A bit of a song and dance session followed, then the people all sang one of their traditional songs. We had to reply, so somebody suggested ring a ring a roses, which we all managed, complete with falling down at the end. Much hilarity!

The people make money from tourists by offering craft and knitwear, embroidery and reed carvings for sale, and for giving their visitors a short cruise in their reed boats. Normally they take their goods to a market in Puno entirely operated on the barter principle. We noted that the tourist money had bought them solar panels, so they now have some electricity.

We were encouraged to put on some of their traditional clothes and hats, with hilarious results.

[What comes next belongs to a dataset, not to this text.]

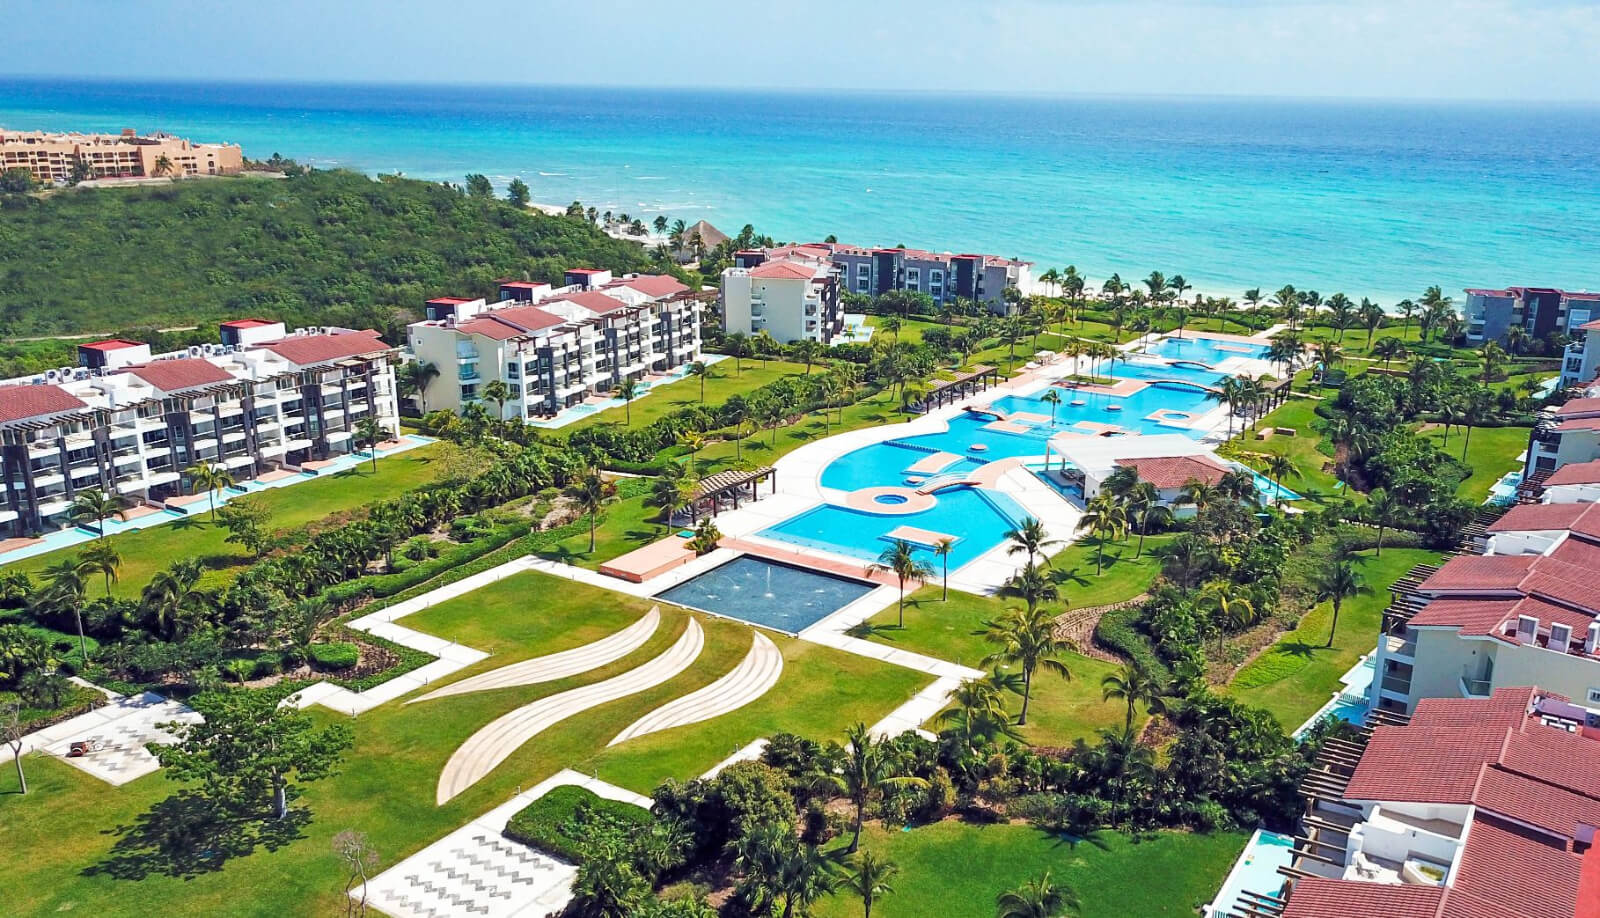 Condo for sale worh beach club, golf, pool, in Corasol, Playa del Carmen.

Eventually we disembarked on another island and rejoined our cruiser.

Lake Titicaca is huge, so big you can see a sea horizon in places. It is shared with Bolivia, and it can be seen from certain places in the far distance.

Our next stop was a real island called Taquile, where some 2500 souls live and work. We landed and crawled slowly up a hill to the restaurant, at 4000 metres. Bit short of breath with the effort of walking uphill, but with the help of coca leaves, coca tea and aromatic plants provided by our guide we made it fairly easily.

Lunch was trout caught in the lake. They are not native, but have been introduced from Canada and Argentina, apparently, and do really well. We wondered what the effect on the smaller bonier fish we had seen swimming about in a bowl on the floating island.

After lunch a long amble round the island led us to another jetty where our cruiser awaited. Then a couple of hours in a slight swell and we were back at the hotel. What a day, what an insight into these people's lives, and how welcomed we were by them all. They addressed us through our interpreter as brothers and sisters!

Tomorrow one more archaeological visit then off to the plane to fly back to Lima.